1月18日の日曜日は、夏井川渓谷へ行くのをよした。隠居の畑に埋める生ごみは少ししかない。大寒(だいかん)を前にした厳寒期、土が露出したところは凍っているだろう。
代わりに別の用を足すことにした。1つは、考古資料館(常磐)の企画展「発掘磐城平城―冬の陣
近代磐城平の夜明け」を見ること。もう1つは、ローカルテレビが取り上げた梅の梅林寺(同)を訪ねること。
いつもの日曜日だと、平~小川の夏井川流域を行って戻るだけ。今回はそこから離れ、一つ山を越えた藤原川流域(主に支流の湯本川流域)へと車を走らせた。常磐ドライブである。
考古資料館へは里山ルートで行った。内郷の白水阿弥陀堂を過ぎ、山を越えて小野田(常磐)へ抜ける。
さらに山へと分け入って下ると、常磐ハワイアンセンター、いやスパリゾートハワイアンズのある藤原町(常磐)に出る。御斉所街道とバイパスとの交差点を左折すれば、すぐ考古資料館だ。
企画展では明治になってからの常磐線開通と平(現いわき)駅のコーナーをチェックした=写真上1。
蒸気機関車には大量の水が要る。
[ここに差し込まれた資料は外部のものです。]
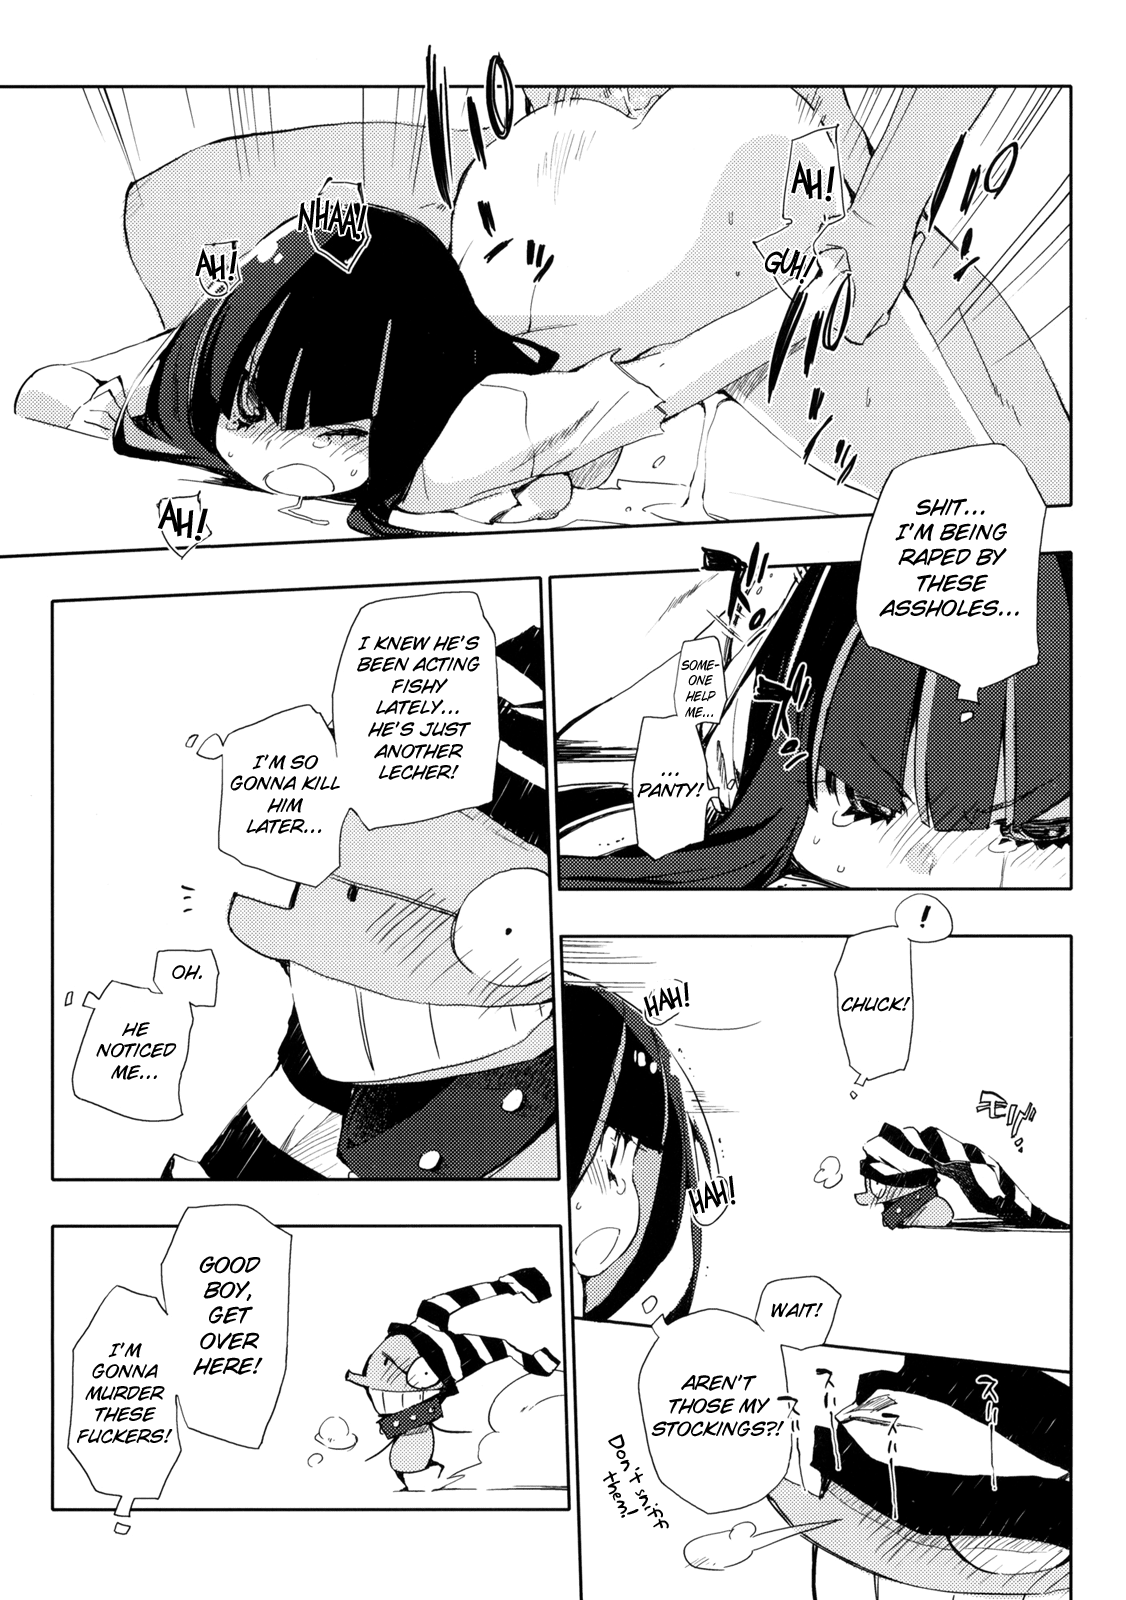 inmoral unmoral hentai manga picture 15

いわき民報に教育文化事業団の調査係長が書いていたのだが、今の常磐線開通に合わせて平駅構内に地下貯水槽ができた。
水はどこから引いたのか。『よしま――ふるさとの歴史散歩』(1998年)には、日本鉄道株式会社が好間江筋と愛谷江筋の合流点から水を買った、とある。その関連を知りたかったのだが、鉄道への取水口と導水路の記述はなかった。
同館の次は水野谷町(同)の梅林寺へ。御斉所街道に出て湯本駅前を通過し、踏切を渡って旧国道6号に抜け、左折して丘陵地のすそ野を進むと、ほどなく寺に着いた。
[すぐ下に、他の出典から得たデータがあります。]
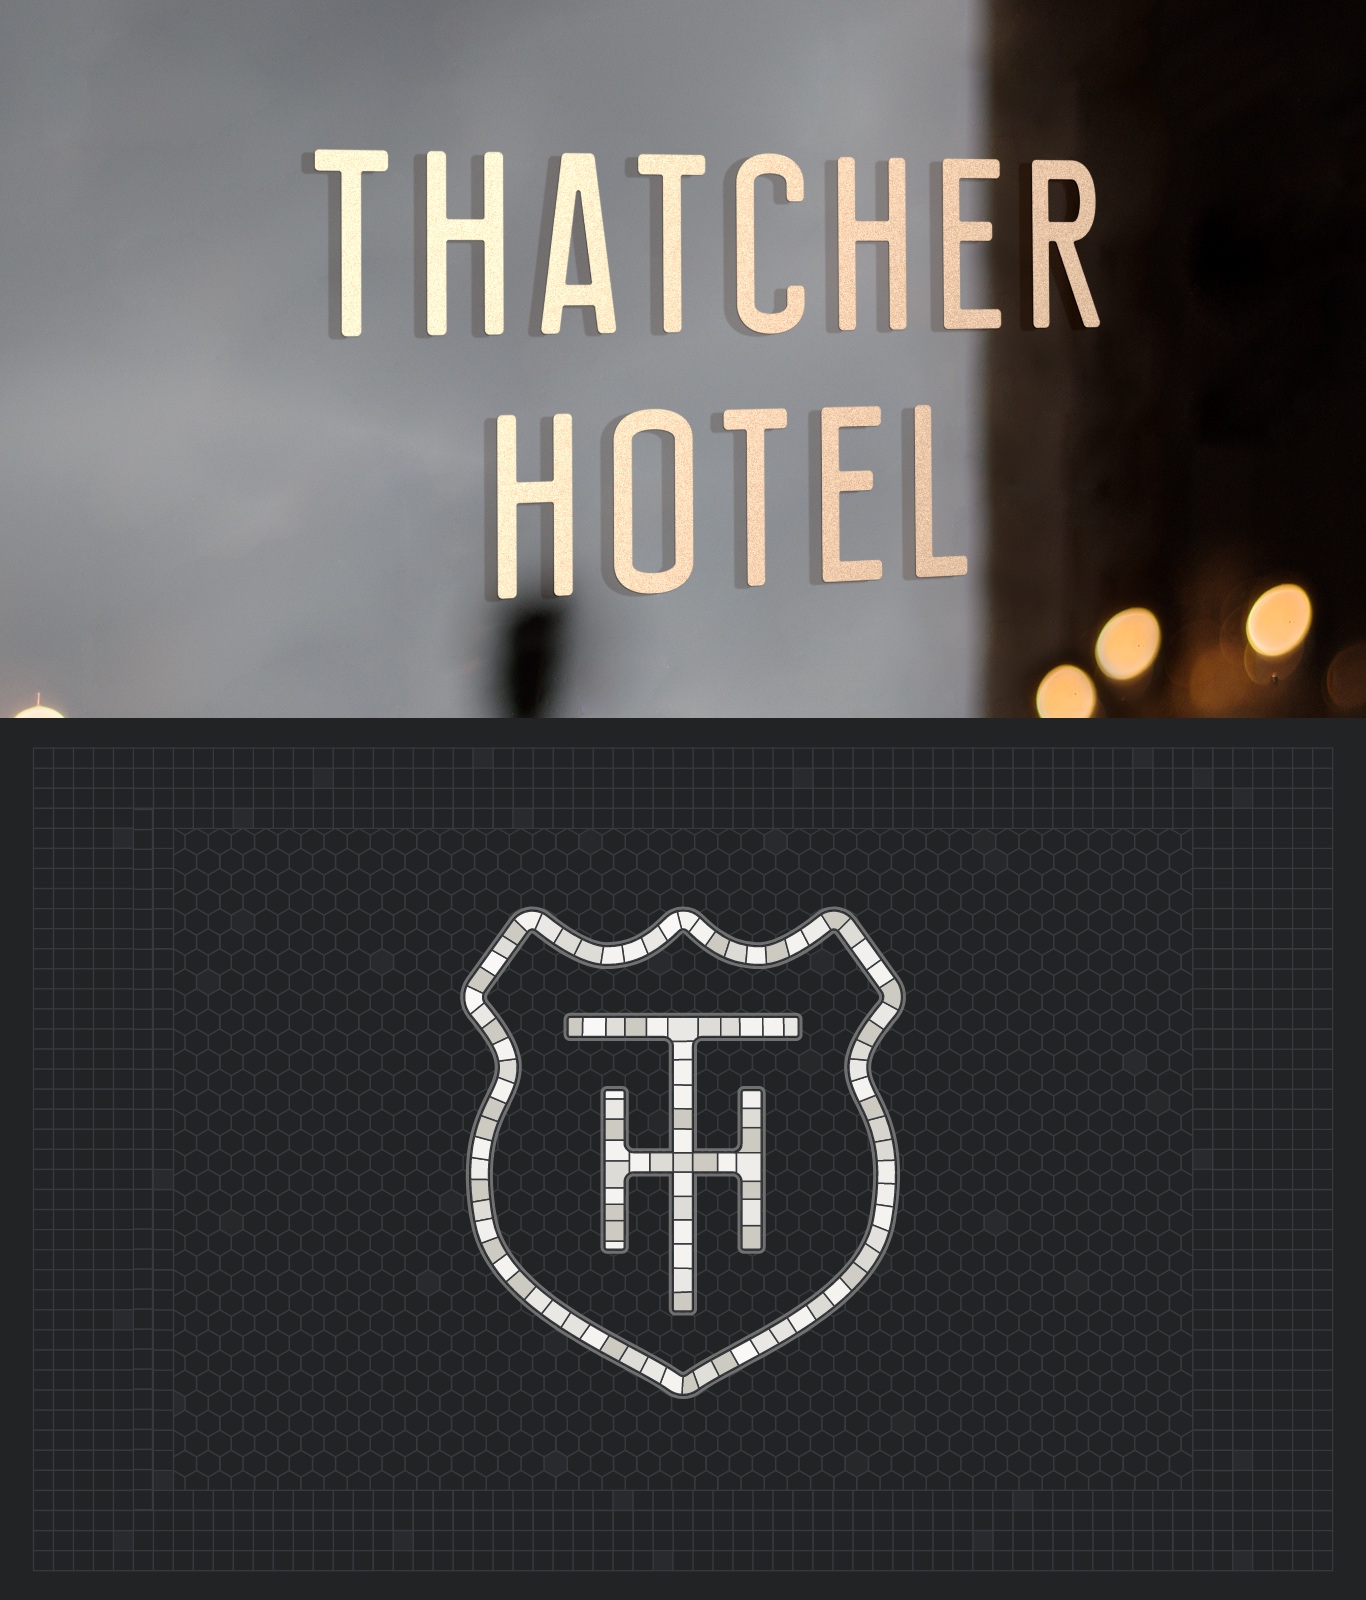 Thatcher Hotel signage

テレビの影響力はなかなかのものだ。駐車場にはマイカーが続々とやって来る。仙台ナンバーもあった。
墓地は平地と斜面にある。本堂も中腹に建つ。寺の名前にちなんで、ご住職が梅の苗木を植え続けた。今も植えている。本堂の裏山の方が見ごたえがあるそうだ。
私は中腹の紅梅=写真上2=を見てよしとした。カミサンに誘われても、先には足が進まない。息が切れる。
梅は2月が見ごろという。梅だけではない。秋にはヒガンバナが咲き誇る。いつも何かの花が咲いている。「花の寺」でもある。そのための手入れを怠らない。この時期、やっと一息ついたところだとか。
常磐ドライブのしめくくりは湯本駅前の「久つみ」へ。「温泉まんじゅう」を販売している。
店番をしているのは昔からの知り合いで、年賀のあいさつをしていると、和菓子職を継いだ娘さんが工場からまんじゅうを運んで来た。十何年ぶりかの再会だ。カミサンは何個もまんじゅうを買った。それだけで私も正月らしい気分になった。